***** Supplied data

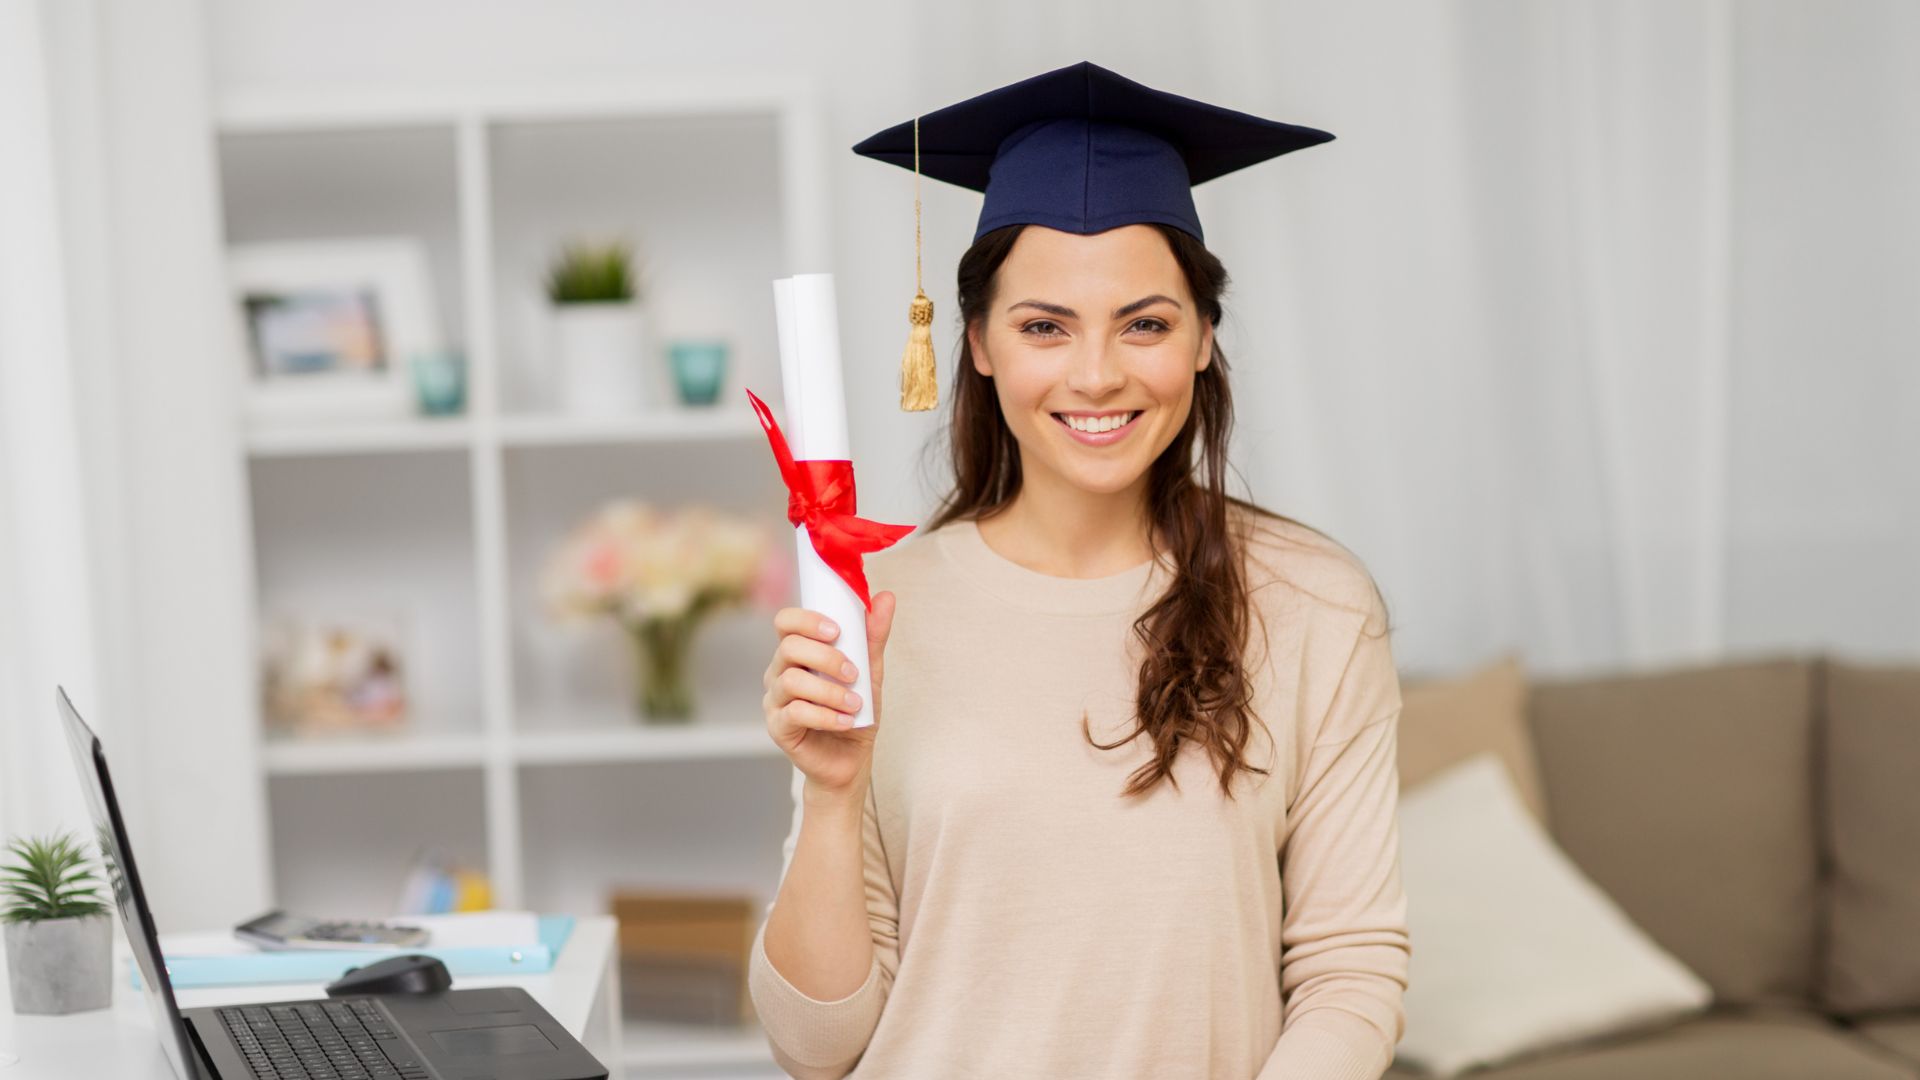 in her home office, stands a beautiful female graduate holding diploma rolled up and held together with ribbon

**********
***** Supplied data

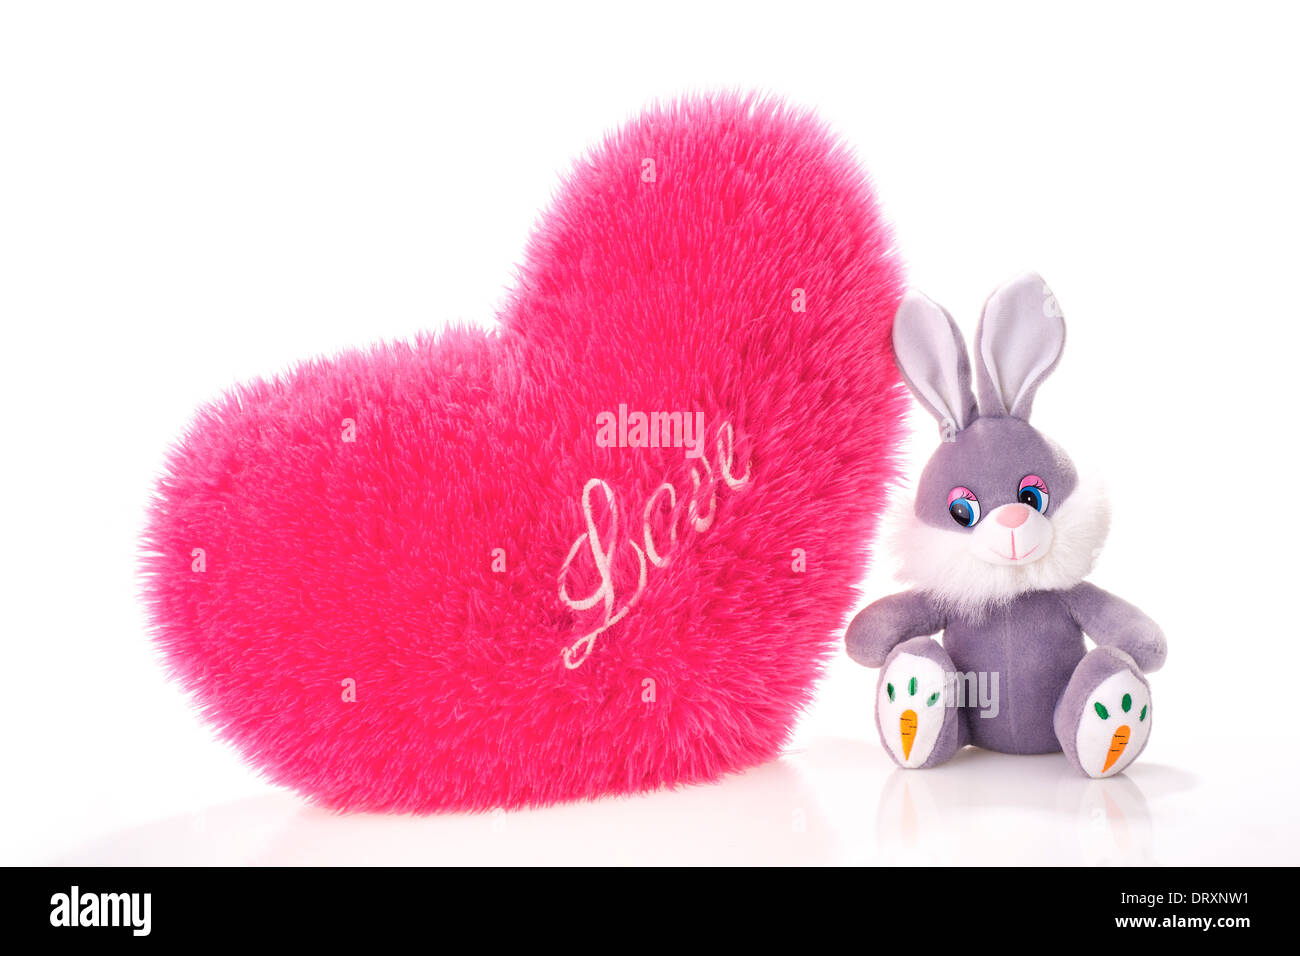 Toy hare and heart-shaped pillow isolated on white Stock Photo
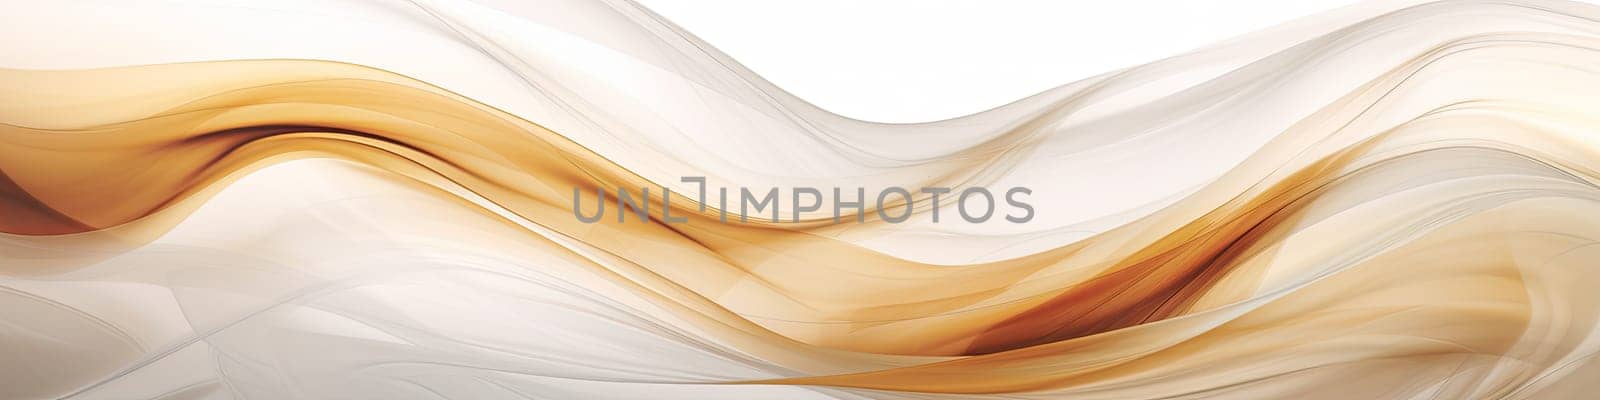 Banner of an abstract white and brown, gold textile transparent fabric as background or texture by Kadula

**********
***** Supplied data

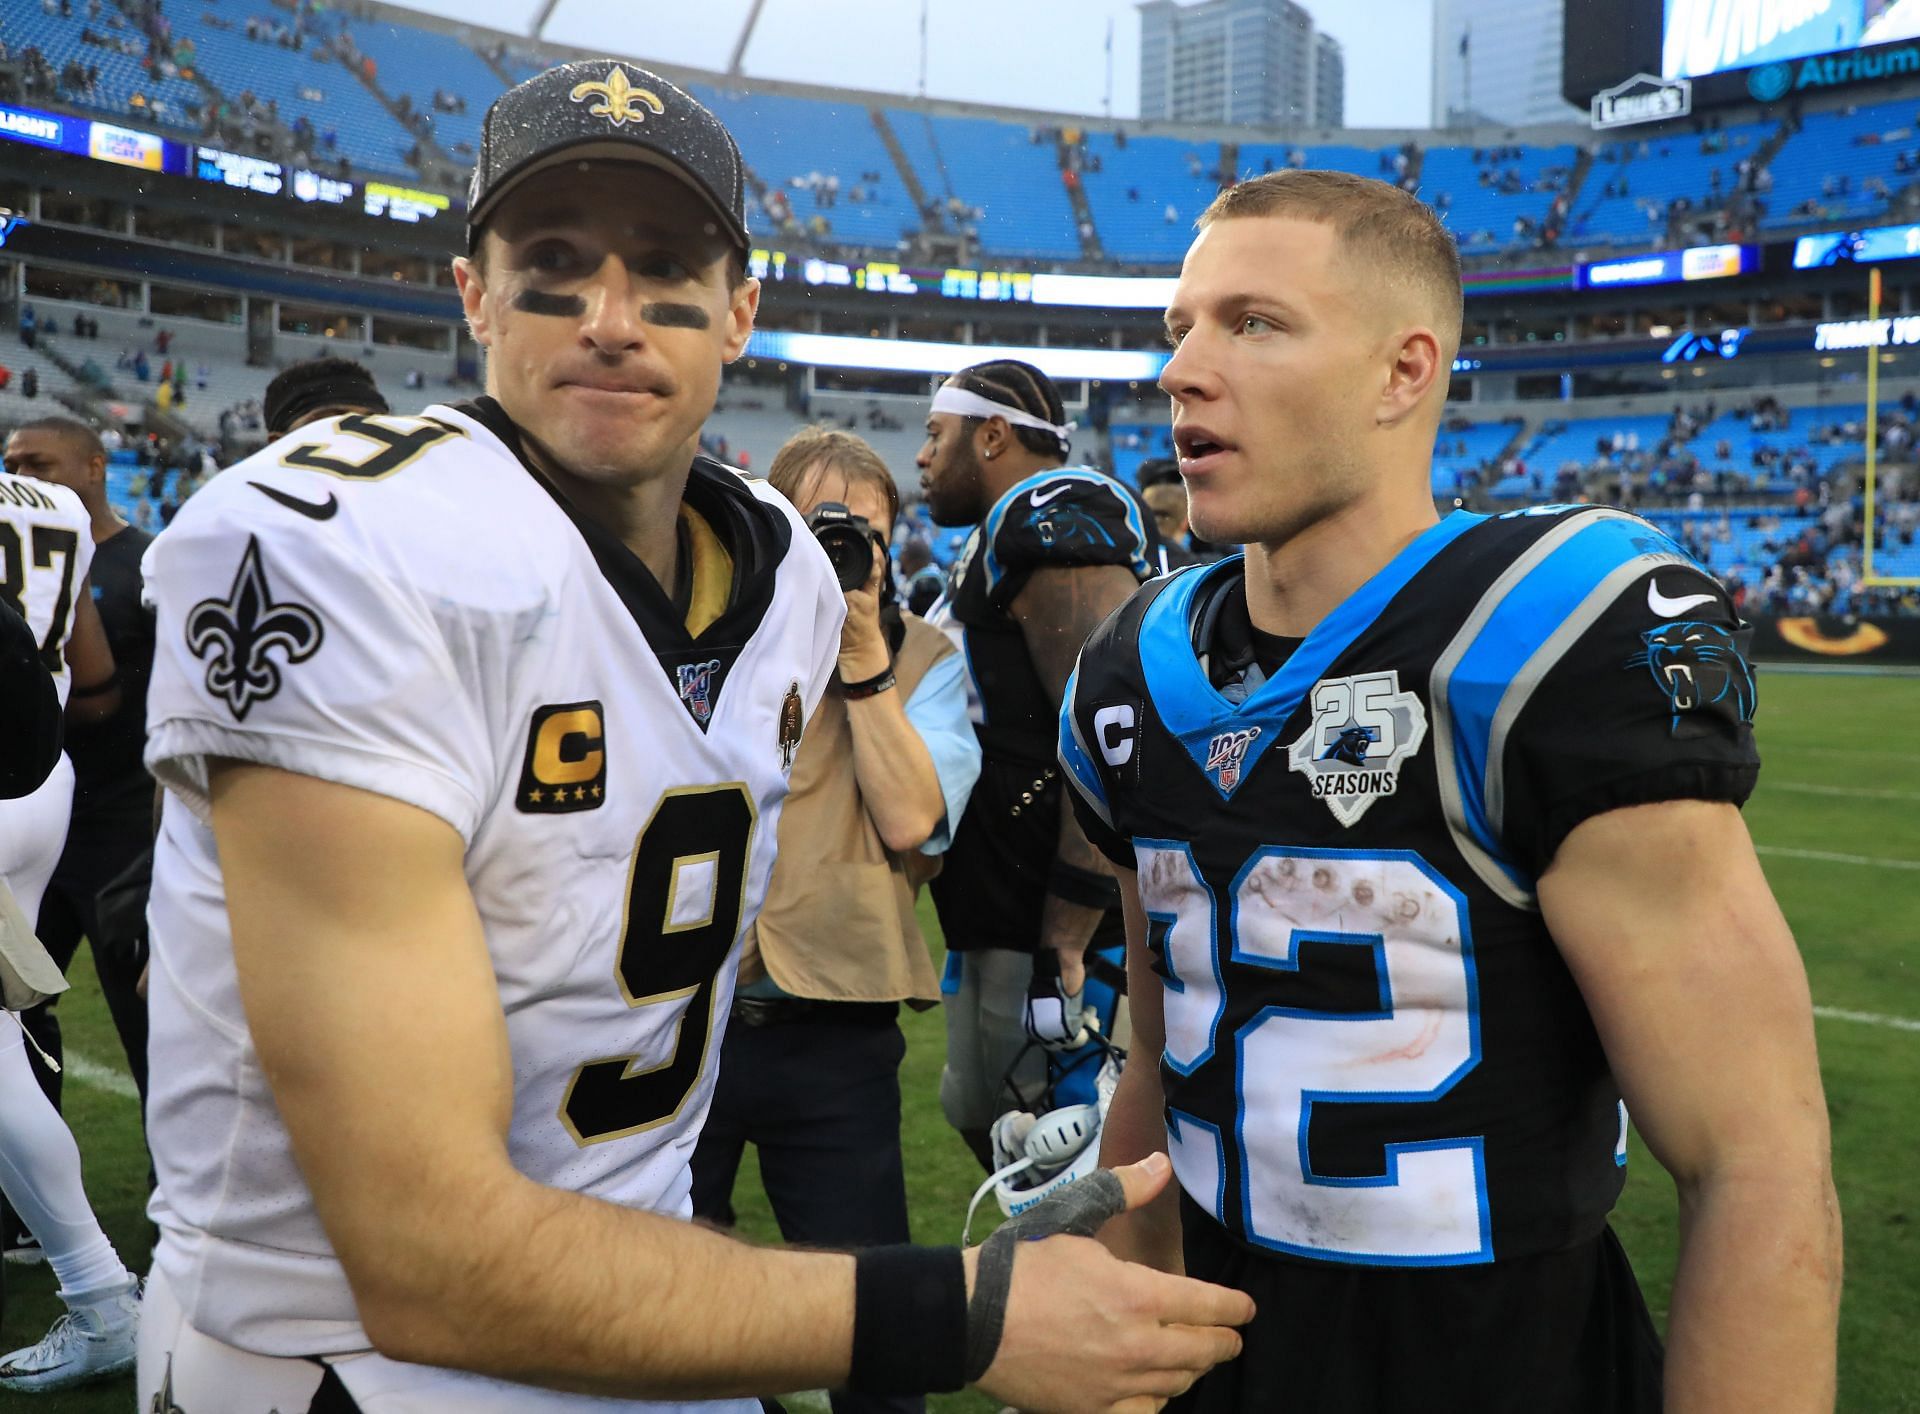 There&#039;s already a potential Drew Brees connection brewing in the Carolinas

**********

## What to produce
Without the pictures, set down the lines above from the line with "Toy hare and" up to and including the line with "Banner of an" exactly as they stand.

## Answer to this task
 Toy hare and heart-shaped pillow isolated on white Stock Photo
 Banner of an abstract white and brown, gold textile transparent fabric as background or texture by Kadula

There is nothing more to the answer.